Entrepreneurs have been coming to Silicon Valley to make money by making hardware and/or software. Then for a while people were funded to come and make IPOs-high-tech credentials were optional. Investors stopped checking whether clients could run a high-tech development project, and it turned out that many of them couldn't. Zillions of dollars were wasted while these elephants labored and brought forth nothing but the proceeds on used office furnishings. Other Web-age management had technical backgrounds but little business experience. Many found themselves running companies without having worked for one. It's easy to miss something when you start at the top.

The lore of software QA was often missing from NewTech companies. There are courses in software test now, but how many hotshot developers would ever take one? They wouldn't take relational databases or other non-sexy programming classes either, but they know the old crafts exist, and if they need a programmer who can do them, they know what questions to ask. But they don't know the technical requirements of software test. Developers believe they can do test themselves, but they don't want to be bothered with details. What do testers do but sit behind the wheel and watch for orange lights?-while they design the engine.

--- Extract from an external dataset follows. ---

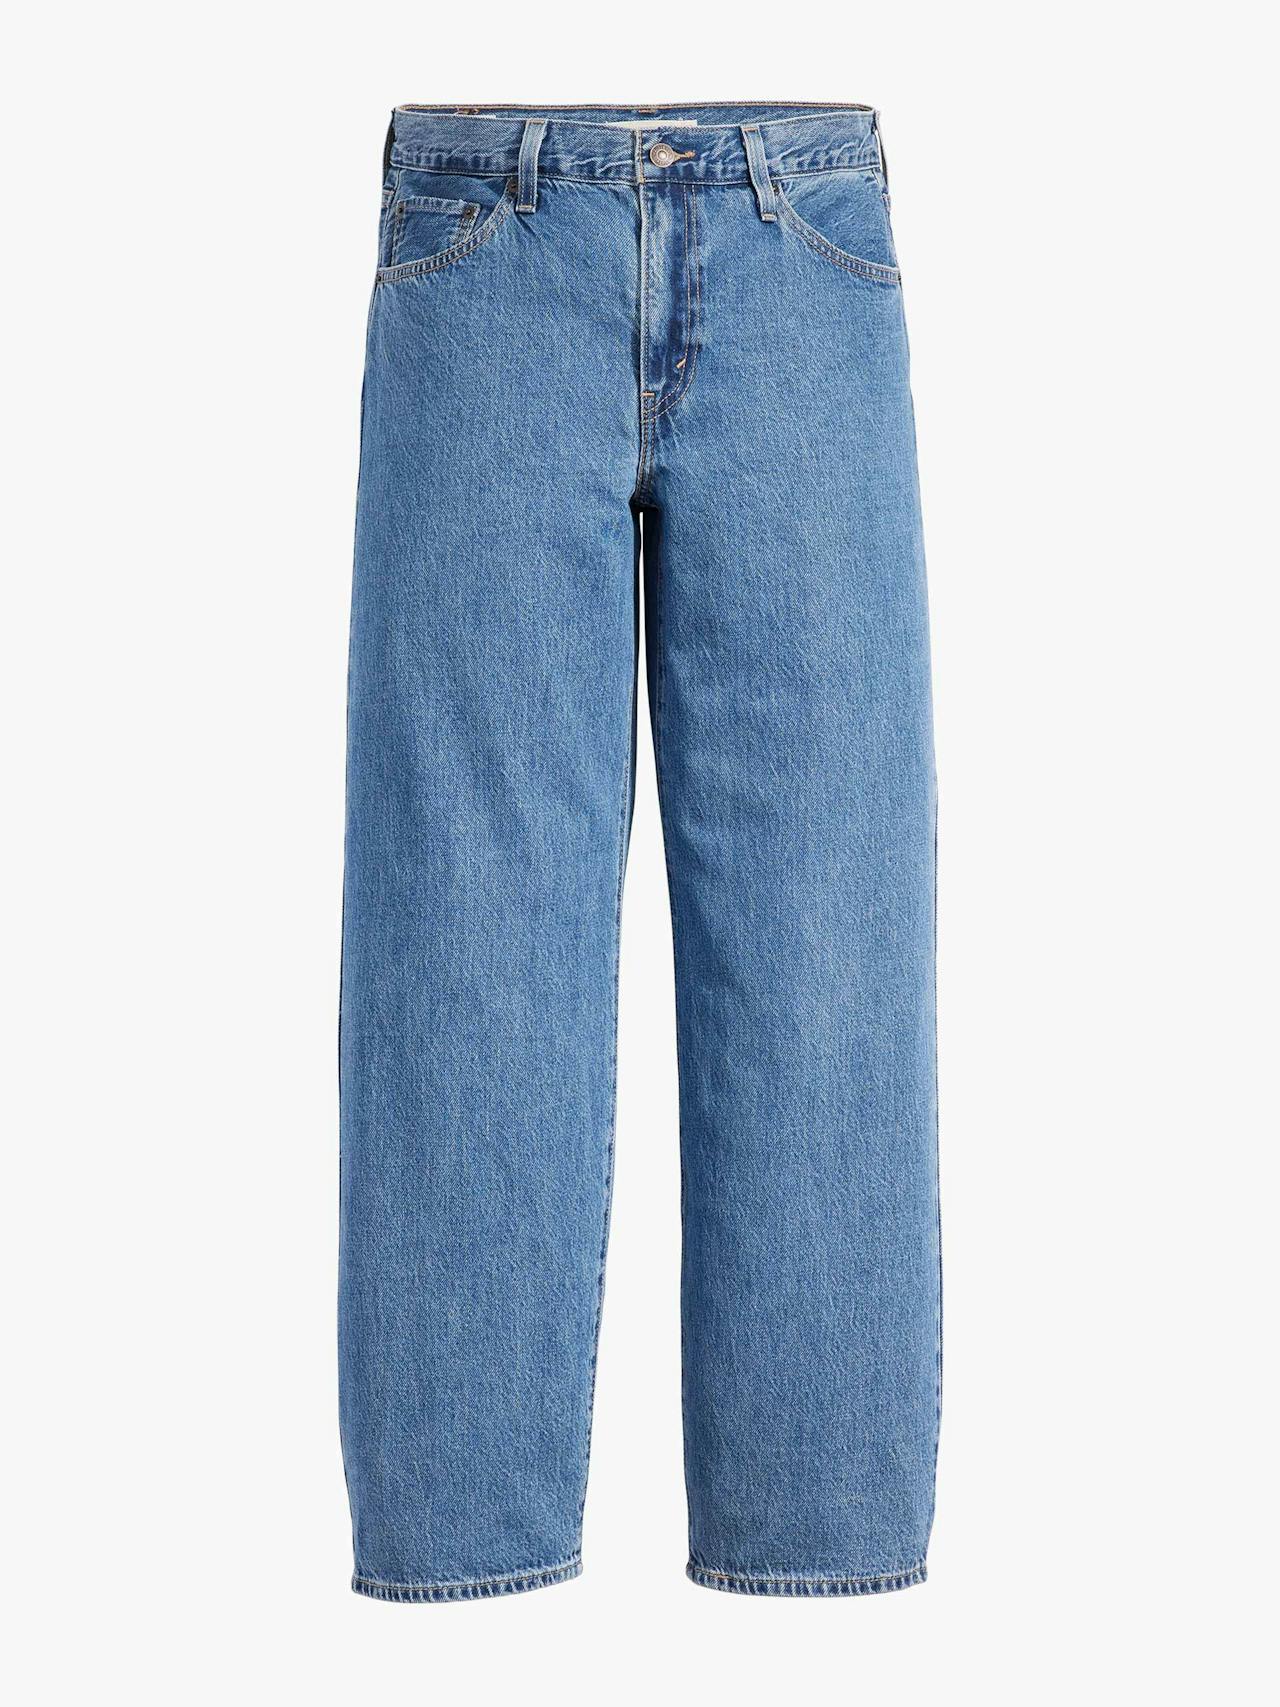 Baggy dad jeans

So software test was ready for NewTech, but NewTech wasn't ready to hire it. Instead, they started software test all over again, with green people sitting in front of browsers, trying to ad-hoc their systems out the door. But what worked for tiny, isolated PC apps can't work on multi-megabyte engines. Many defects in Web-apps don't even surface in the UI, and the ones that do are usually coming from distant processes, where back-end testing could pinpoint them and save hours of developers' time. Companies that haven't failed may still be floundering without the QA experience they need. And with spending so tight now-more tight than it is wise-managers may fail because their customers won't accept a badly tested product.

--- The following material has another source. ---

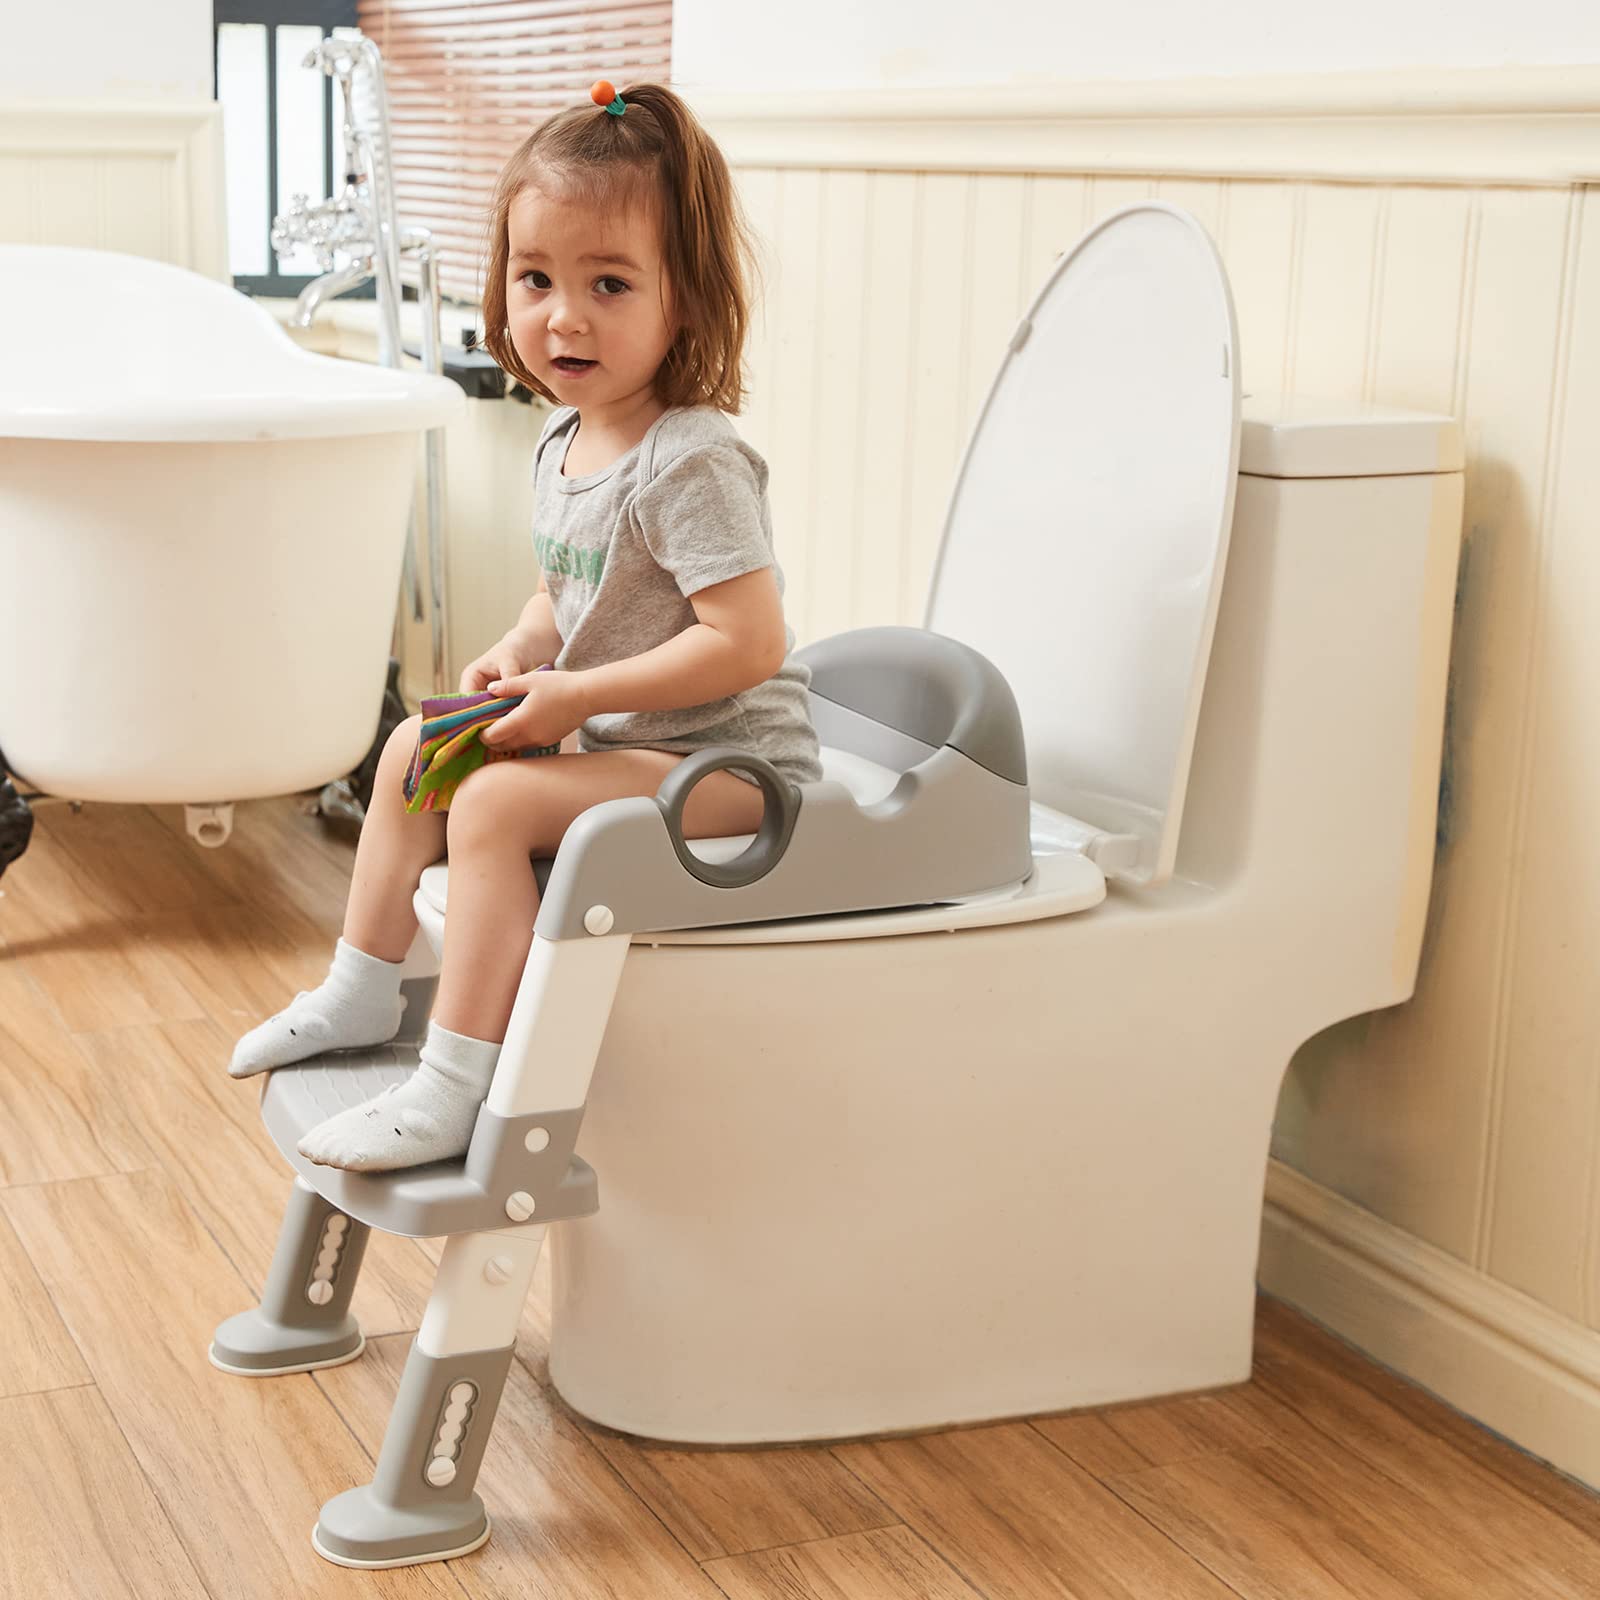 toilet steps for babies Baby toddler potty training toilet ladder seat steps. this easy-to-use

But if we're no longer blinded by newness, maybe we're ready to see the real technical and financial superiority of software development for the Web. Desktop client-server companies still have market share, but they're hurting. They're supporting multiple patched versions in the field, and their designs are bundles of old code that disintegrate further with every resource-hungry rev. And their mergers may make things worse, as they try to get incompatible apps to work together. The browser-based separation of UI from back-end processes is much cheaper to maintain, since teams can rev and test individual modules without re-architecting everything.

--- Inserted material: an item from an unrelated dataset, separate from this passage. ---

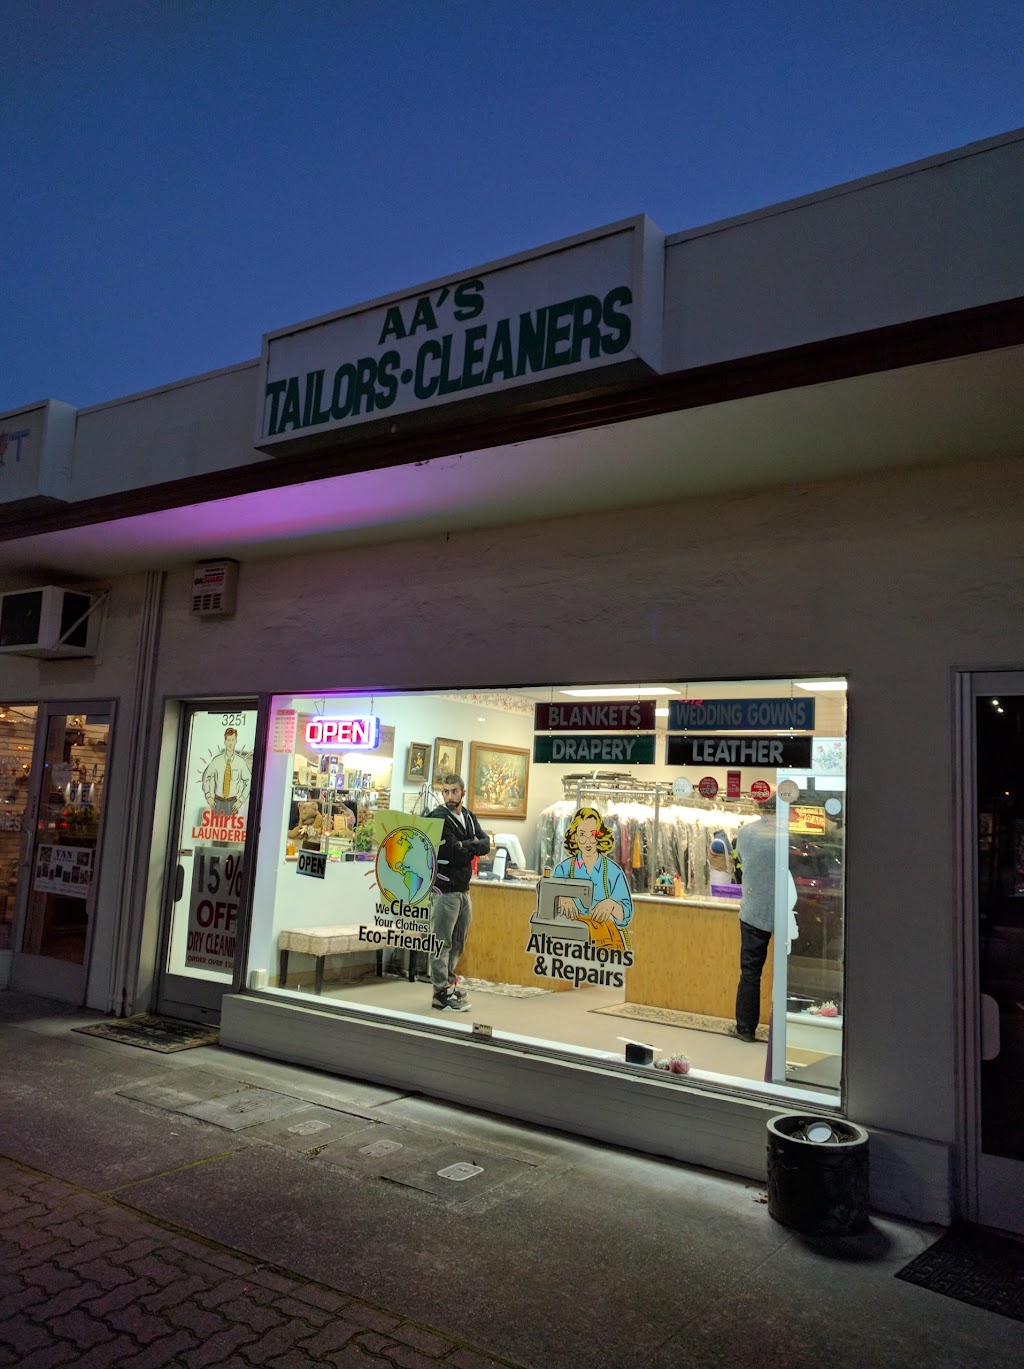 AAs Tailors & Cleaners | 3251 Castro Valley Blvd, Castro Valley, CA 94546 | Phone: (510) 582-1220

Development like this could make richer long-term payoffs for investors, if not as something new, then as an advance on what went before. But this can't happen in companies where everybody is too new to meet their technical goals effectively. What could have been a scaffolding became a bubble of baseless IPOs that floated away and popped. Age discrimination is illegal, but it's non-competitive as well. Let's mix the generations from now on.